Make sure to check out our Top Credit Cards Page to see the best current offers.
When You Shouldn’t Use A Credit Card to Pay Taxes
We love points and miles, but it won’t always make sense to use a credit card to pay taxes.
For example, if you carry a balance on your credit card, the interest you’ll pay will vastly outweigh the value of any credit card rewards you’d earn. We do not recommend paying your taxes with a credit card in this situation. If you can’t pay off the balance immediately, skip the credit card.
But beyond that, it generally won’t make sense to use a credit card to pay taxes if you aren’t working towards a minimum spending requirement for a new credit card account. Credit cards simply don’t offer enough points when paying your taxes to make it worth the fee unless it’s earning you a big signup bonus.
It’s one thing to earn 50,000 points or more by putting your tax bill on a credit card. But if you’re just earning 1 or 2 points per dollar by paying with your credit card, you’re better off paying with cash. The fees associated with using the credit card will likely outweigh the points you’ll earn. There are exceptions to this of course, but by and large, it is a good rule of thumb.
So if you’re not working on unlocking that points bonus, or you are not sure if you can immediately pay off the credit card balance after charging your tax bill, it’s not worth it to pay taxes with a credit card.
Can You Pay State Taxes with a Credit Card?
In addition to paying your federal tax bill with a credit card, most states that collect state income tax will also allow you to pay your state tax bill using a credit card. However, the payment processors will vary by state, and by and large, the fee will be higher than what you pay for your federal tax return.
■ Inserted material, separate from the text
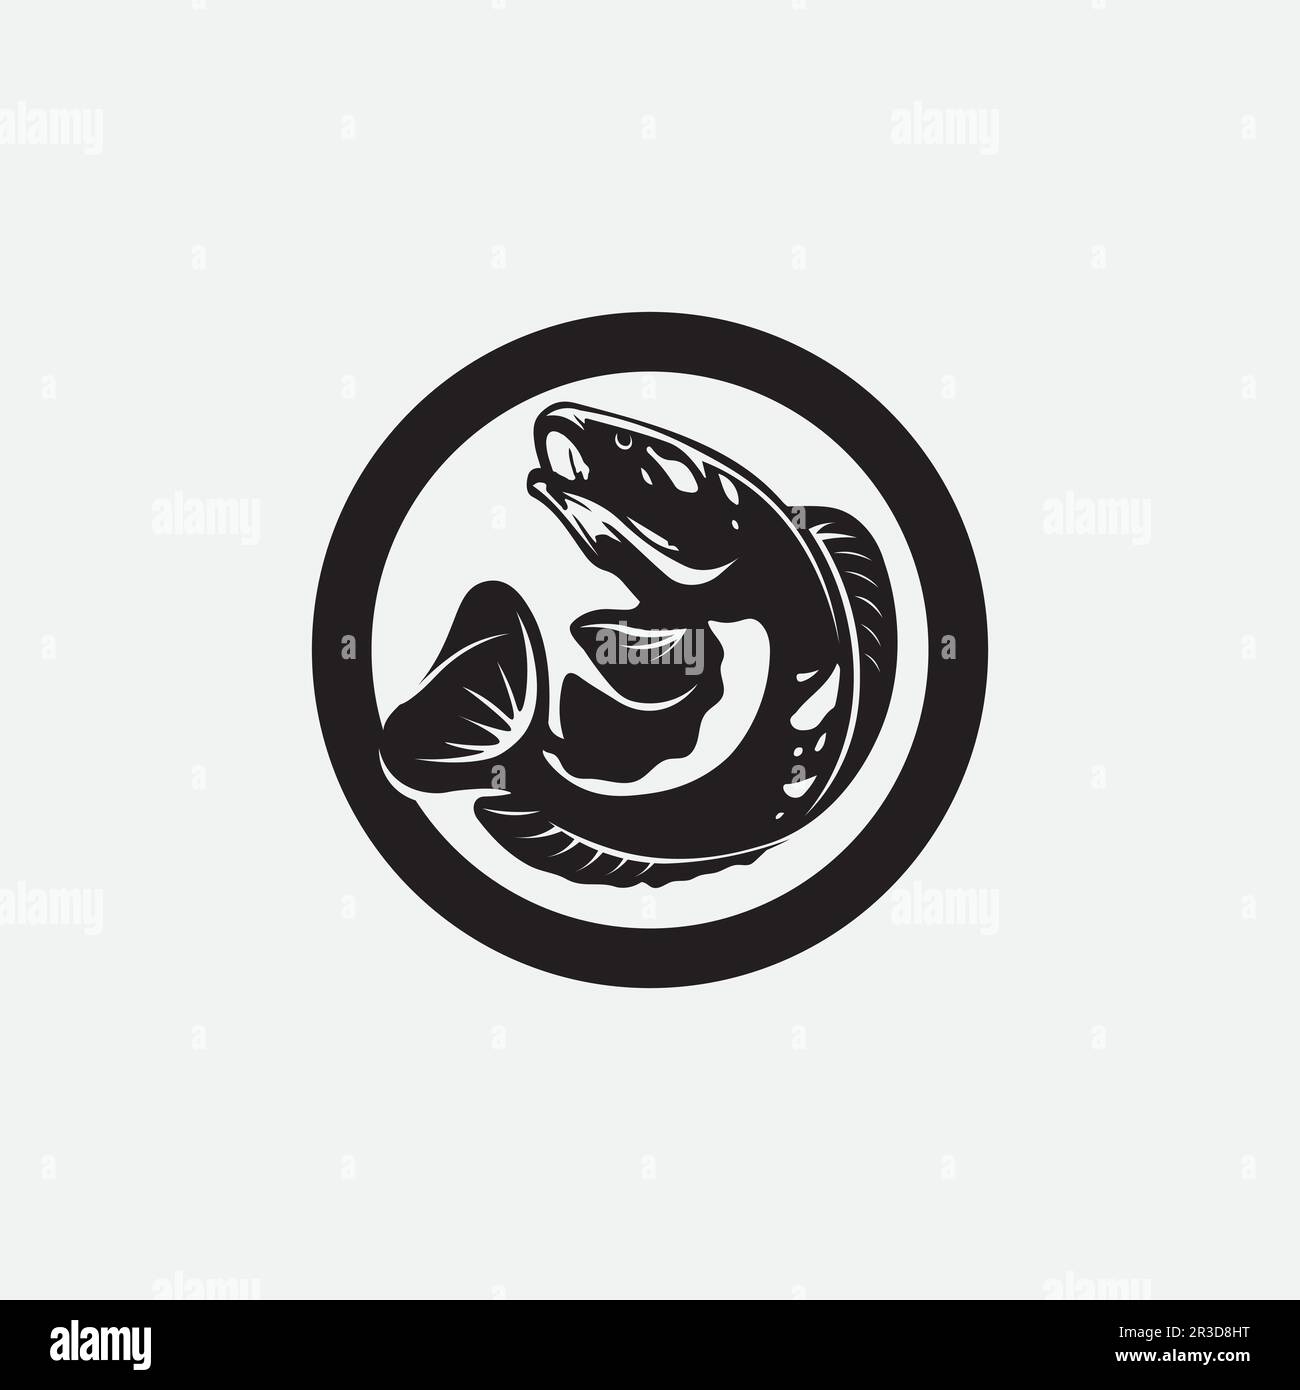 Channa Snakehead fish, Predator Fish, animal underwater design, logo, and illustration Stock Vector

For example, in my home state of Minnesota, the cheapest option is through a provider called payMNtax. The convenience fee is 2.25%. And again, this may or may not make sense based on your personal financial situation. But if you are not charging this on a new credit card to meet a minimum spending requirement, I would suggest skipping the credit card for your state tax bill.
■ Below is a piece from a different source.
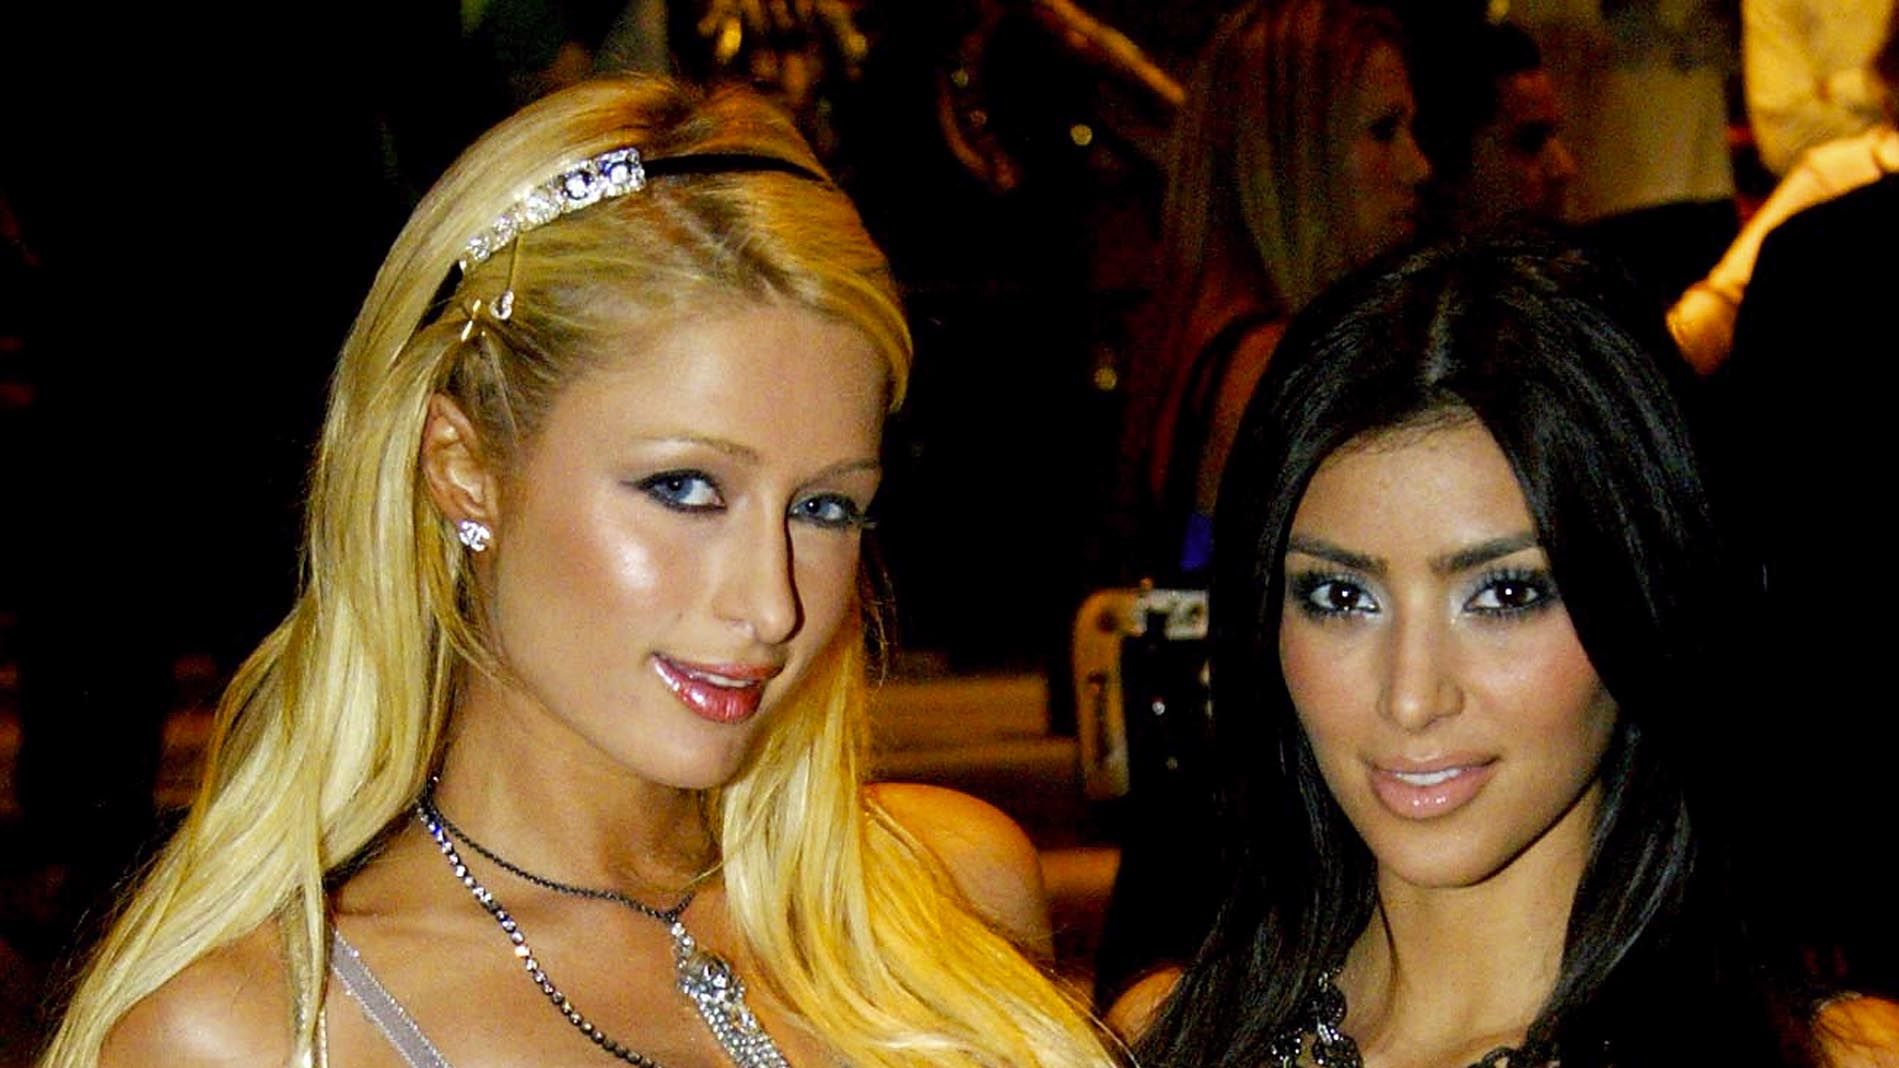 The History Behind Kim Kardashian's And Paris Hilton's Rocky Relationship

But since this will be handled separately from your federal tax payment, you may be able to earn another sign-up bonus on a different card if your state tax bill is large enough.
MasterCard has an excellent resource on its website detailing the best service providers for paying your state tax bill with a credit card in each state.
Paying taxes with a credit card can be a great way to meet a minimum spending requirement for a new credit card account. But if you’re not earning a sign-up bonus for your spending, it’s likely not worth it.
Federal taxes are due Monday, April 18, so you have plenty of time to strategize and think about your tax bill. With some luck, you can earn a big stash of points while paying Uncle Sam.